Philippe Corcuff et Philippe Marlière, Les Tontons flingueurs de la gauche : lettres ouvertes à Hollande, Macron, Mélenchon, Roussel, Ruffin, Onfray, Paris : textuel 2024
Pour se faire une idée d’ensemble de ce qui est dit dans ce petit ouvrage, au sous-titre explicite, il suffit de savoir que chacune de ces six lettres se termine sur une variation autour de la formule « Ton bilan est globalement négatif ».
Il n’est pas question d’autres personnes dans l’ouvrage si ce n’est pour préciser que d’autres n’ont délibérément pas été mises en cause, quelques huit noms étant mentionnés dont les plus connus sont Clémentine Autain, Aurore Lalucq, Assa Traoré et Najat Valaud-Belkacem.

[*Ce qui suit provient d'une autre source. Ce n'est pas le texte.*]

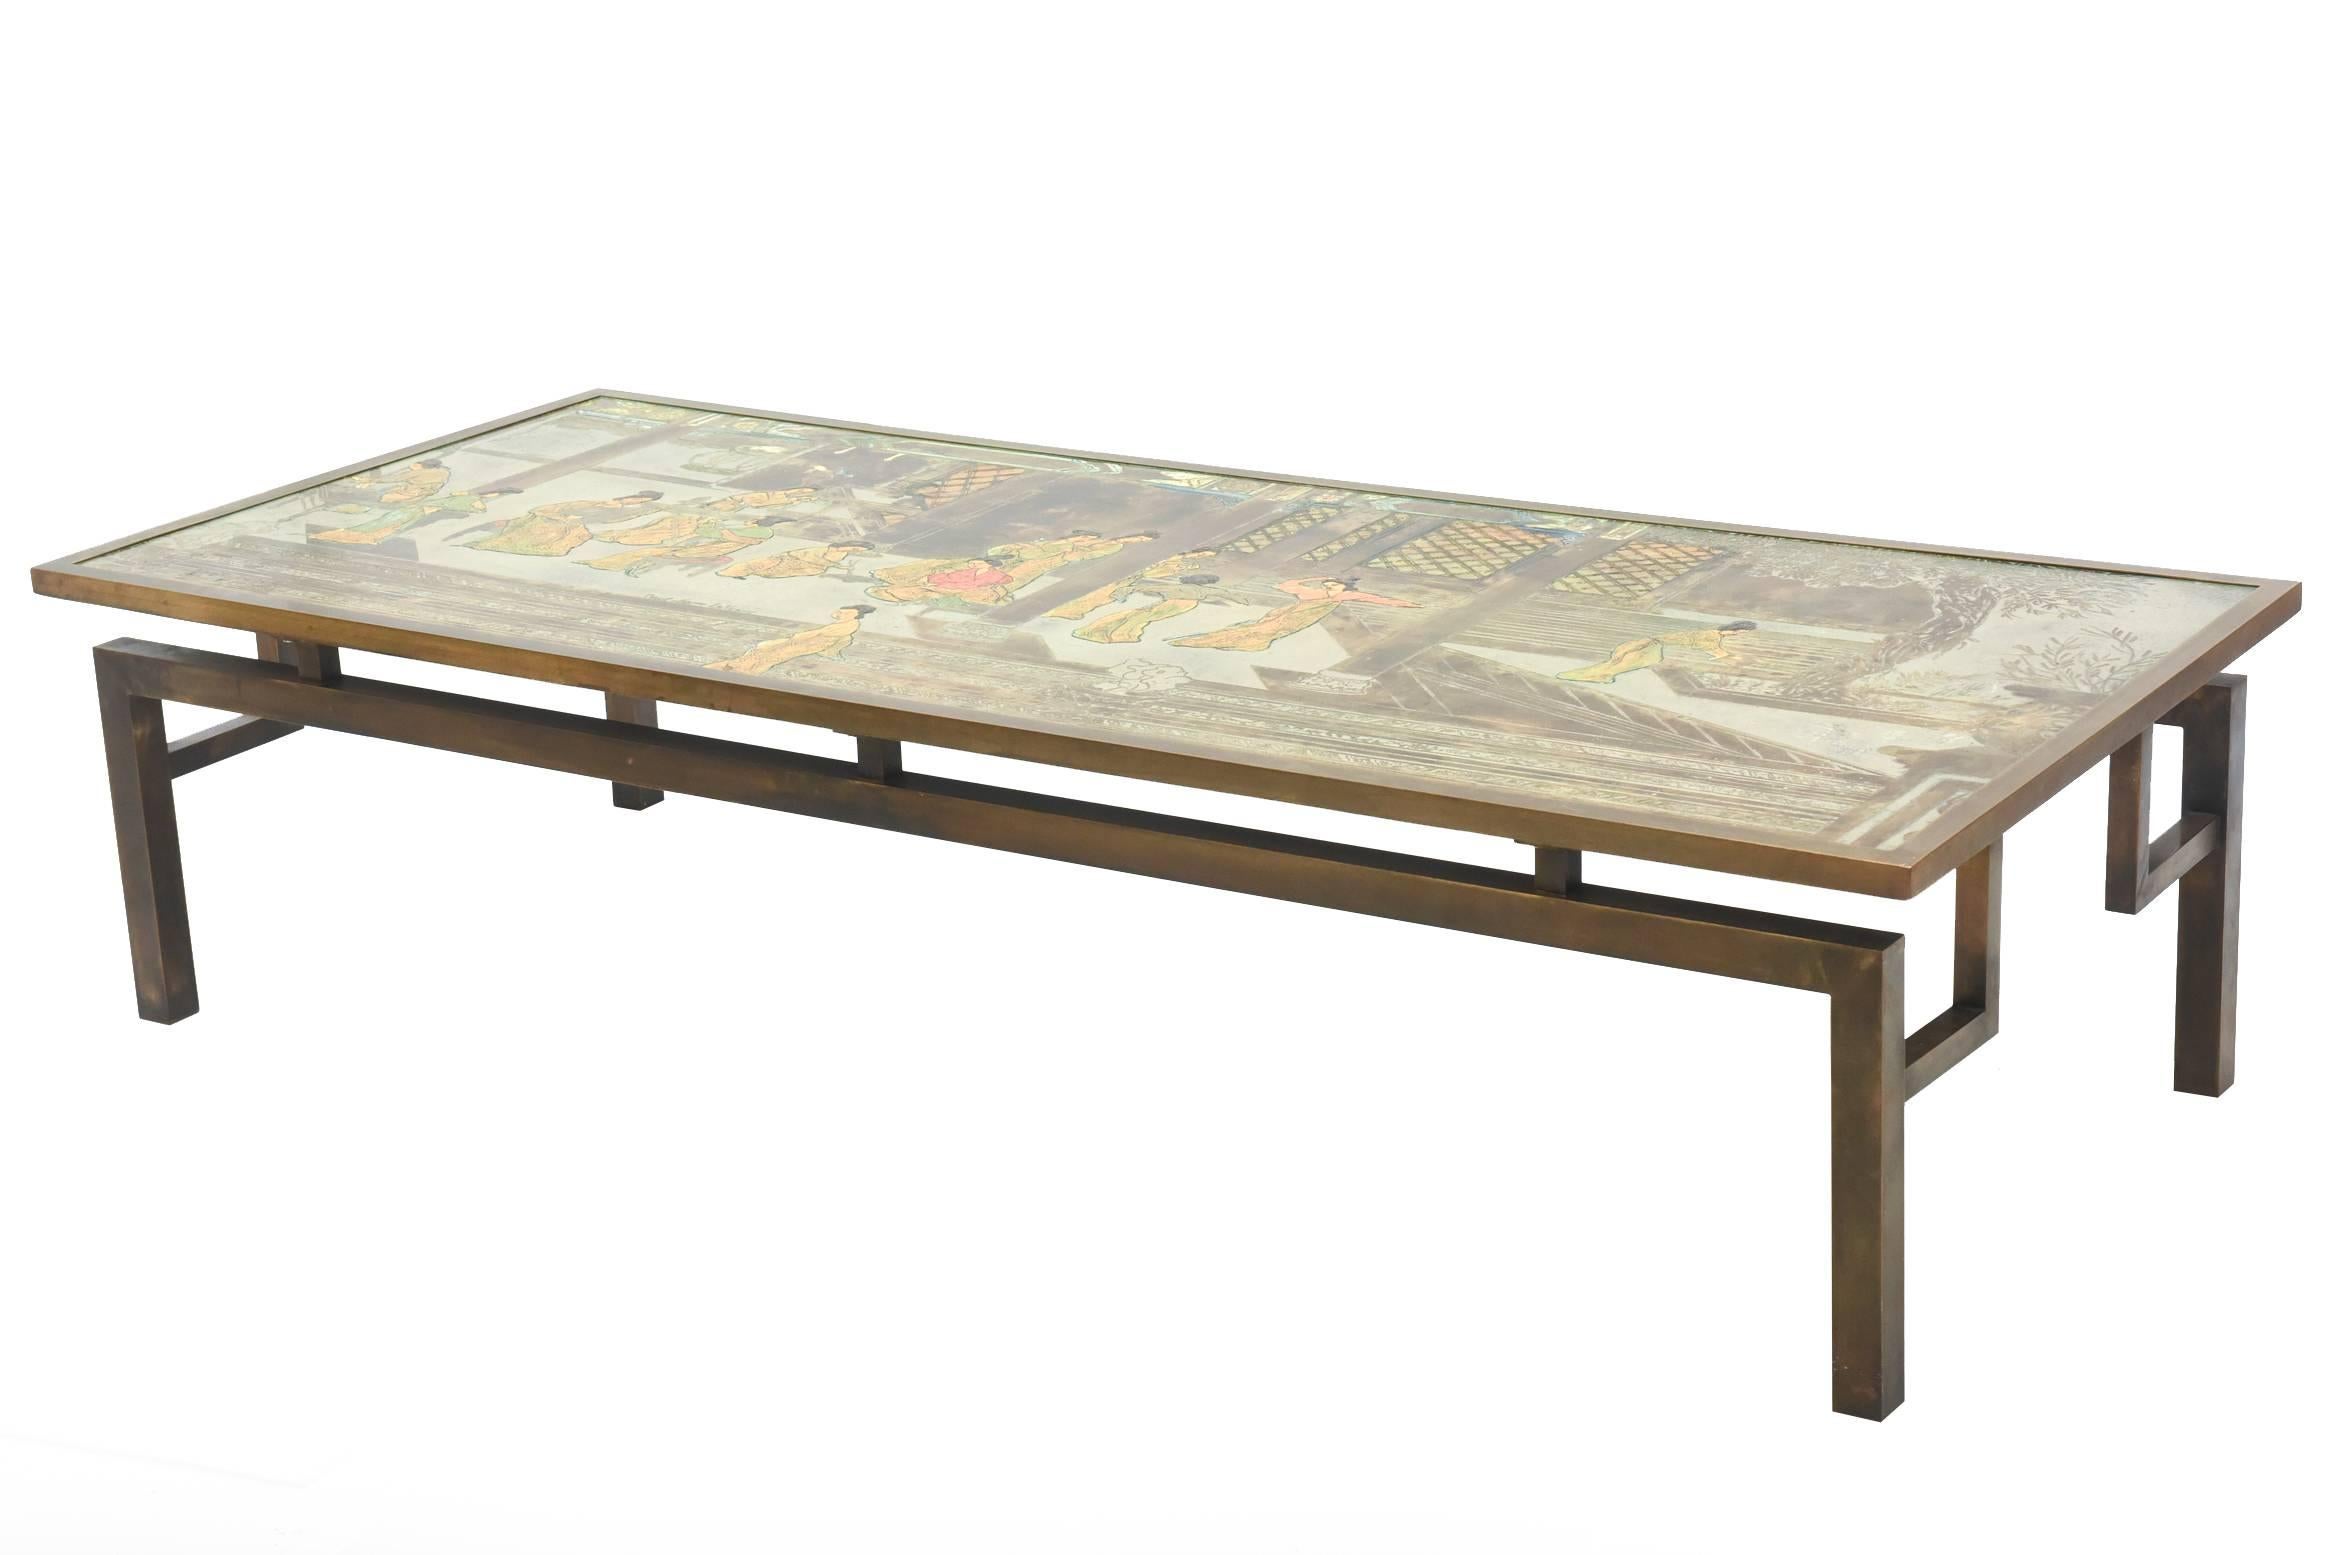 the top overall in oriental motif with painted and patinated sections, on a base with pierced supports on square legs.
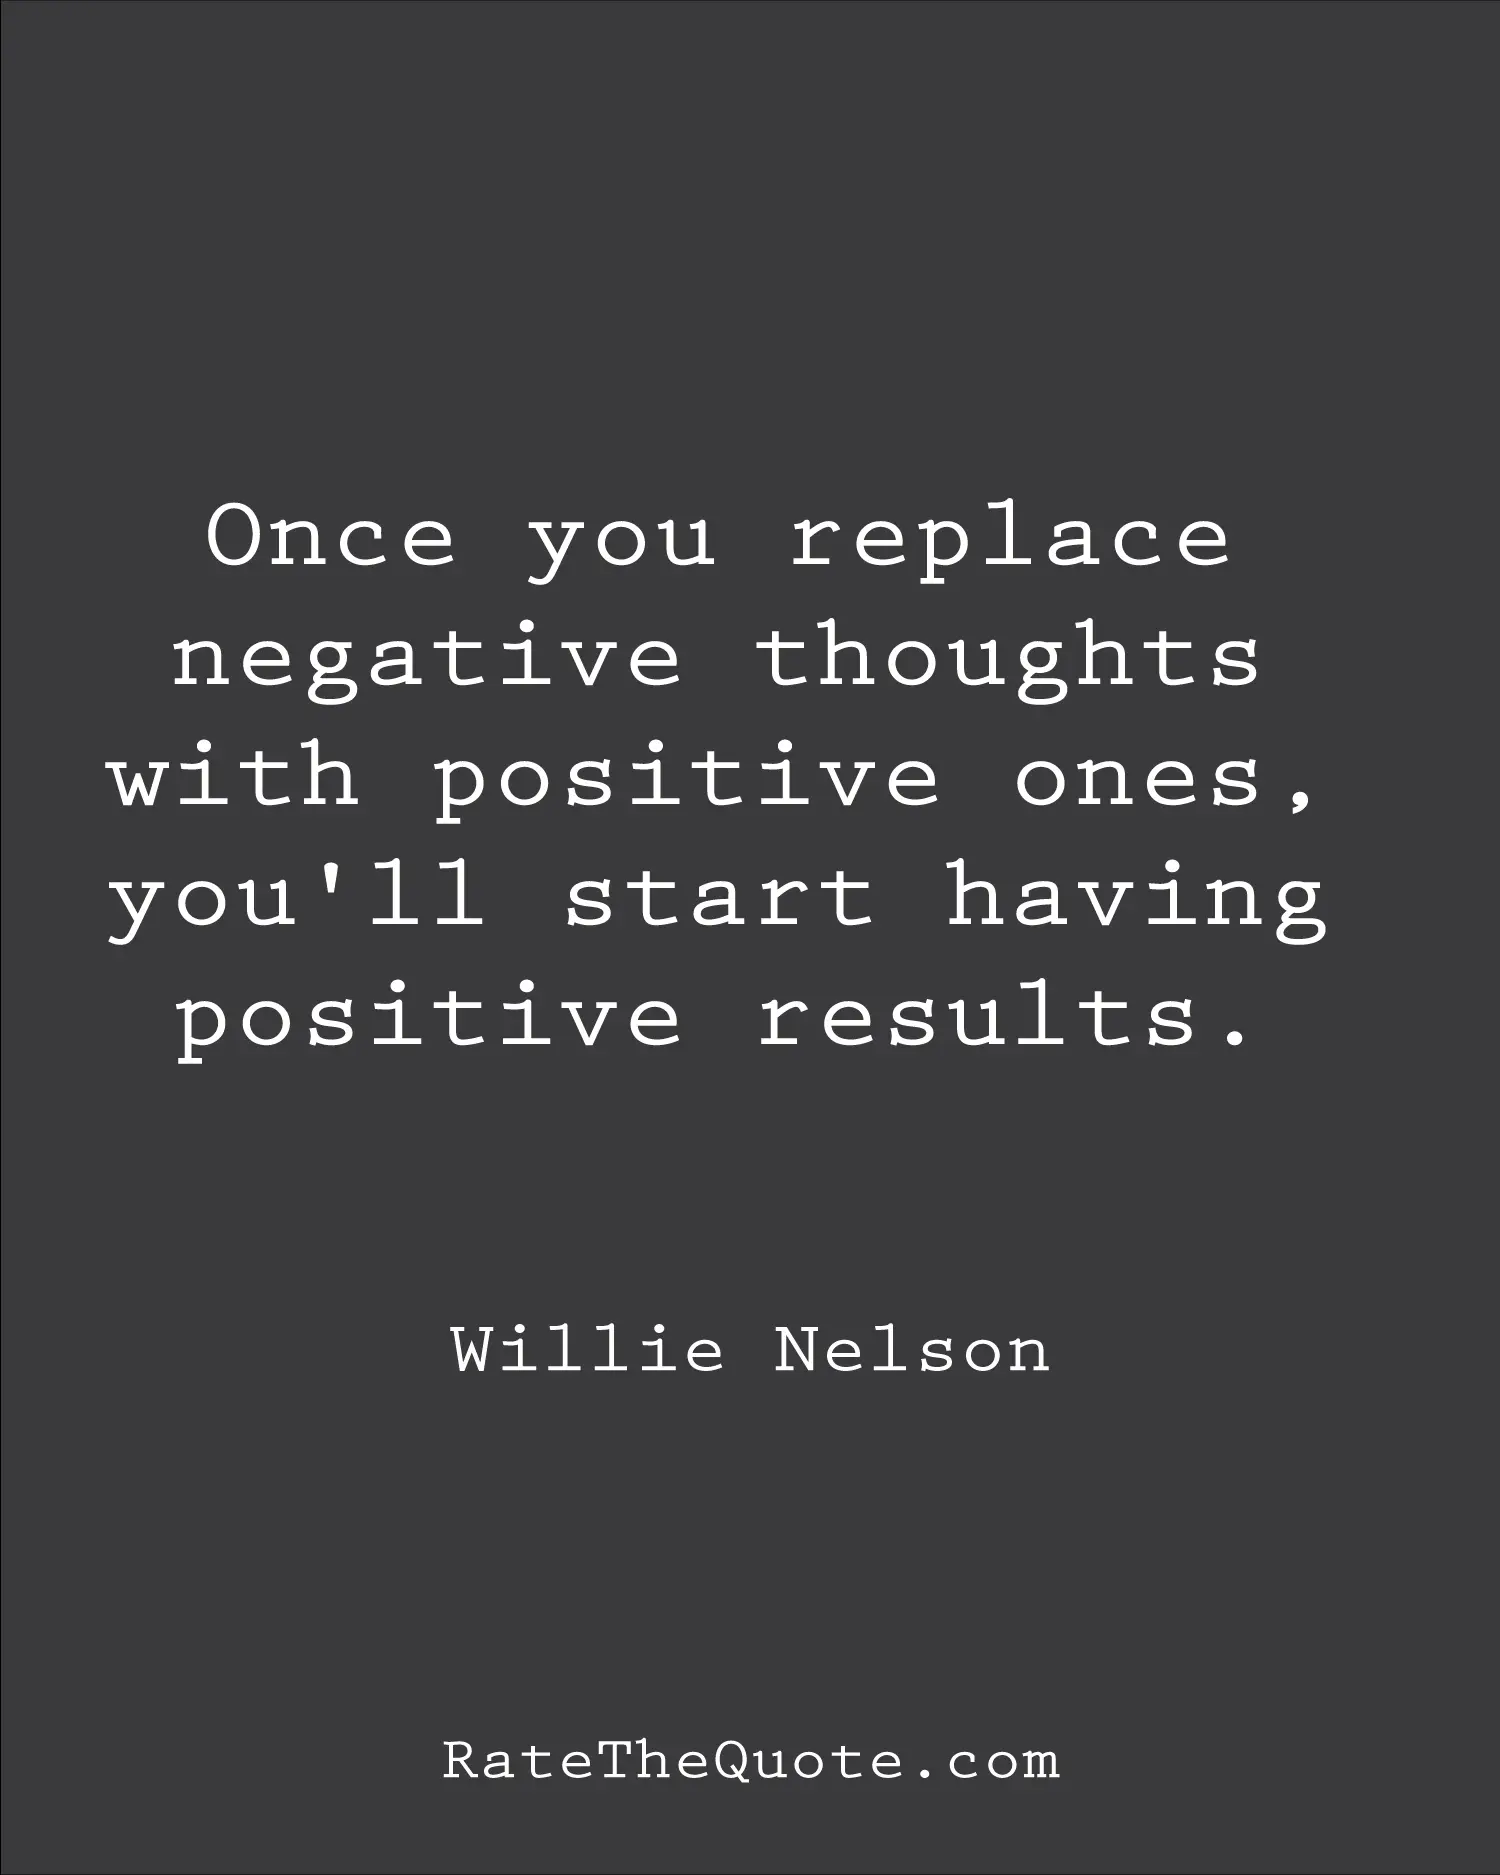 Once you replace negative thoughts with positive ones, you'll start having positive results. Willie Nelson

Vous connaissez les six destinataires des lettres ouvertes et vous ne serez pas surpris du coup si ce que les auteurs leur reprochent diffère significativement selon le cas. Inaptitude pour Hollande, pragmatisme cynique chez Macron, caudillisme de Mélenchon, stalinisme atavique chez Roussel, simplisme d’un autre âge pour Ruffin, naufrage d’un embourgeoisement fulgurant chez Onfray. Les reproches sont à ce point différents d’ailleurs que l’on est surpris de constater à la lecture de ces six réquisitoires consciencieusement documentés, qu’il ait pu exister tant de manières de creuser la tombe de la gauche !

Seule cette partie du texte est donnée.